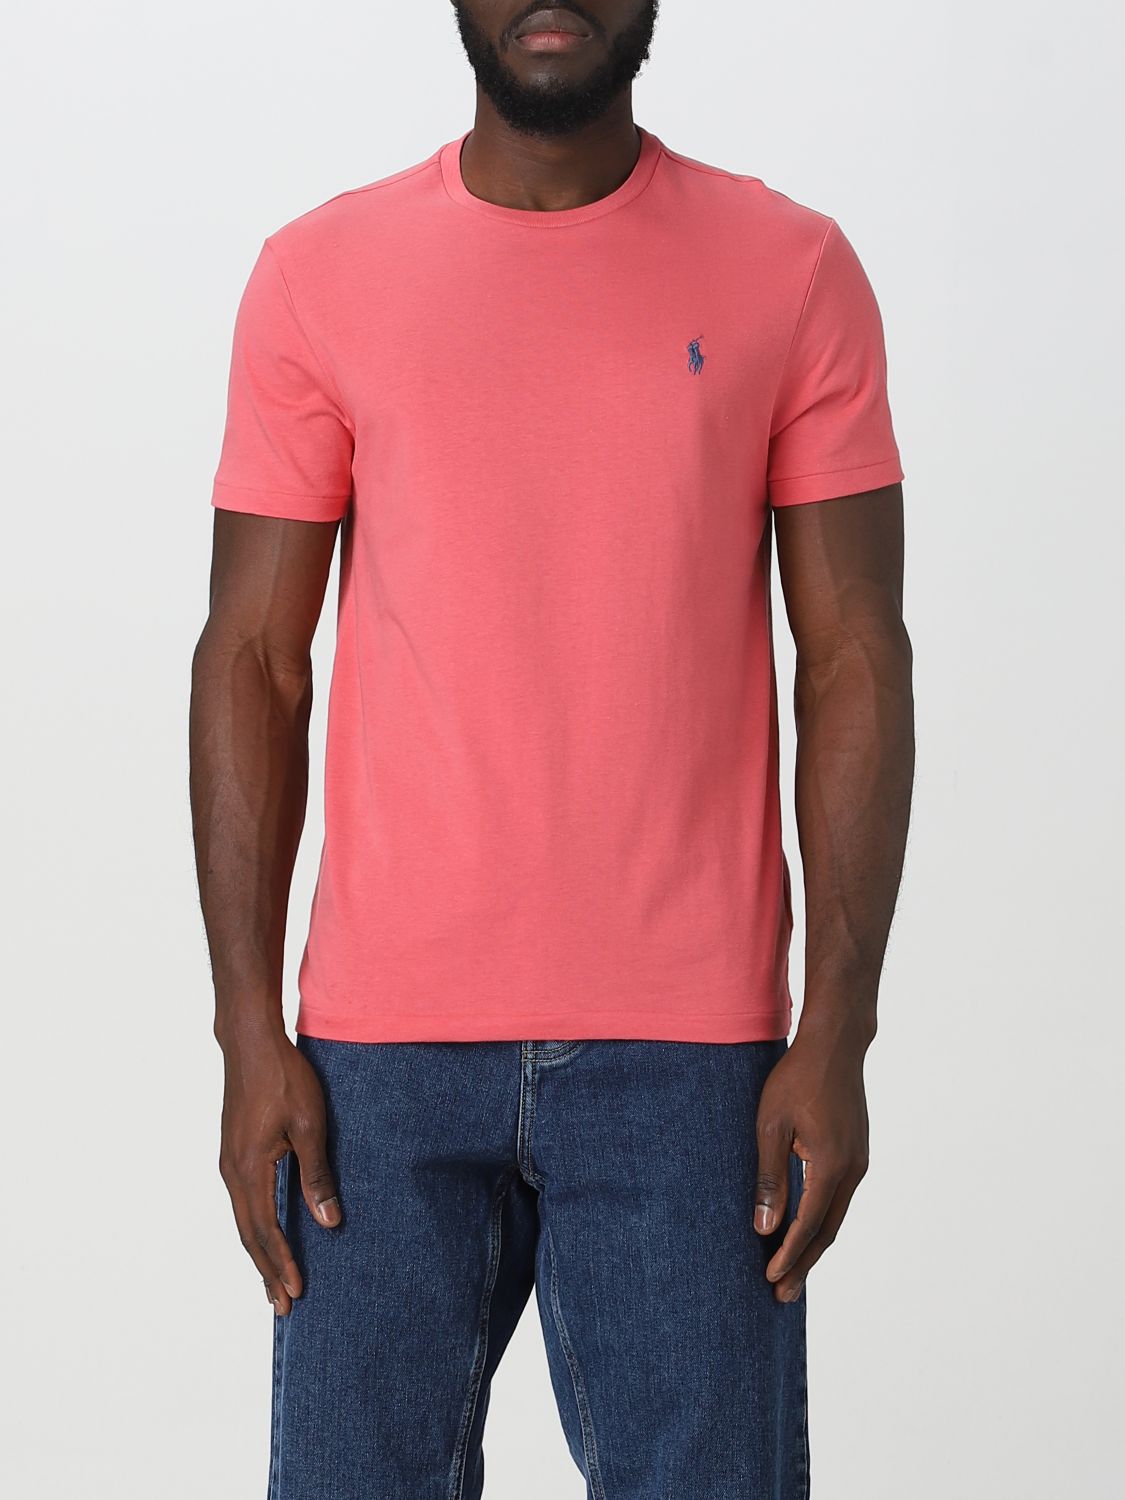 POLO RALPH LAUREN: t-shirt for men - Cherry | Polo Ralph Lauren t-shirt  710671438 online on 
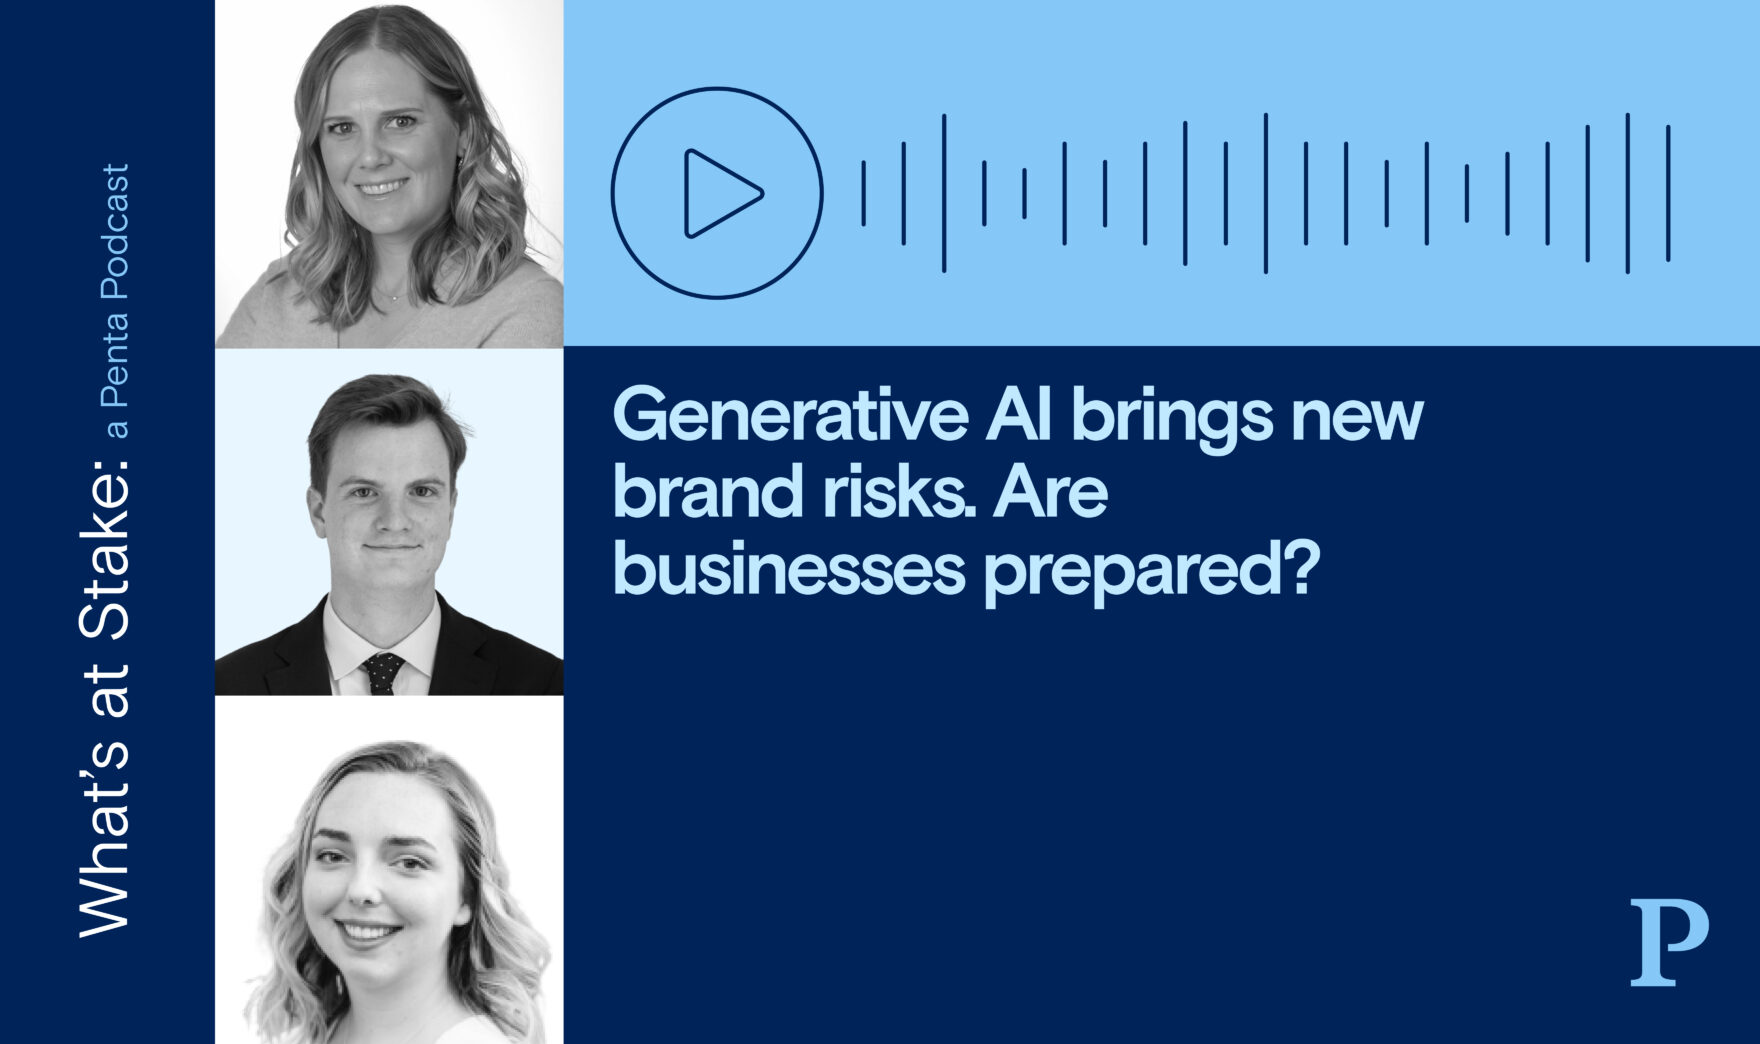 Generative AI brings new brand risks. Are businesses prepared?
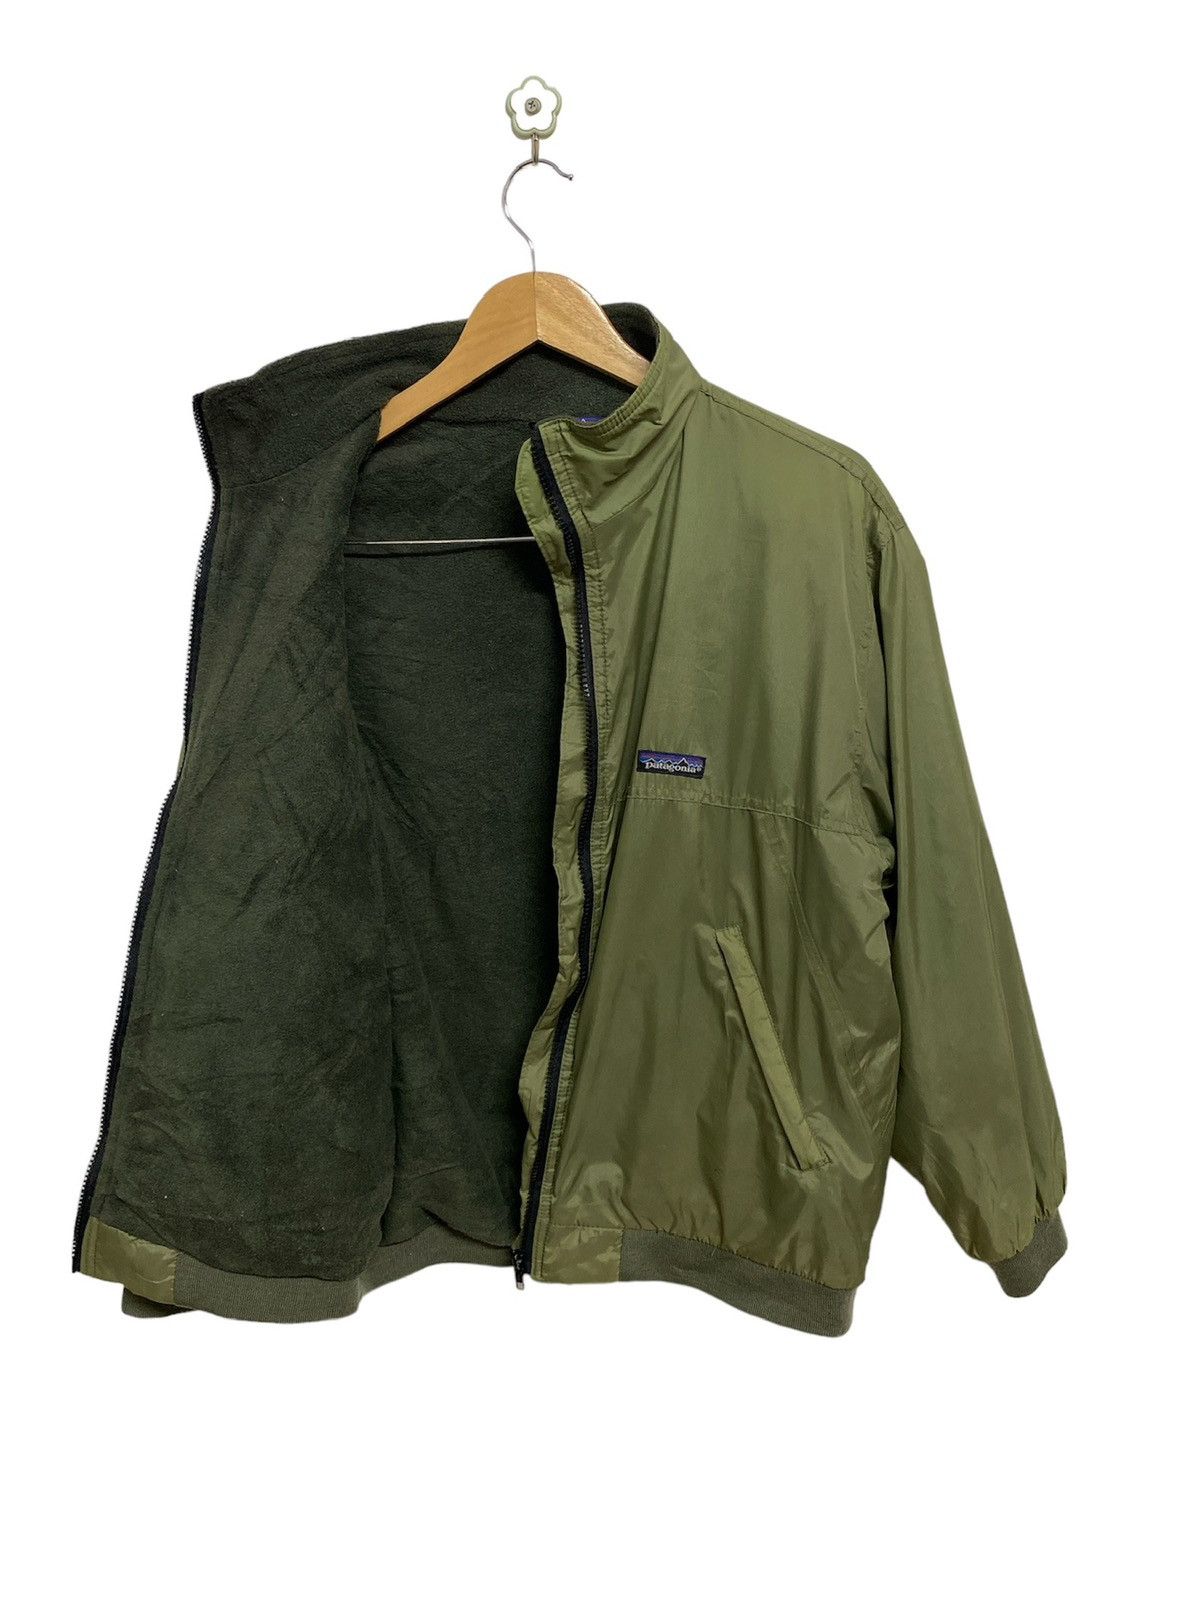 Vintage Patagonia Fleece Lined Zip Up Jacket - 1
______________________________
• What the exercise asks
The answer should contain only the lines from the one with "Generative AI brings" through the last line of the material, given word for word and without pictures.

• Task response
 Generative AI brings new brand risks. Are businesses prepared?
 Vintage Patagonia Fleece Lined Zip Up Jacket - 1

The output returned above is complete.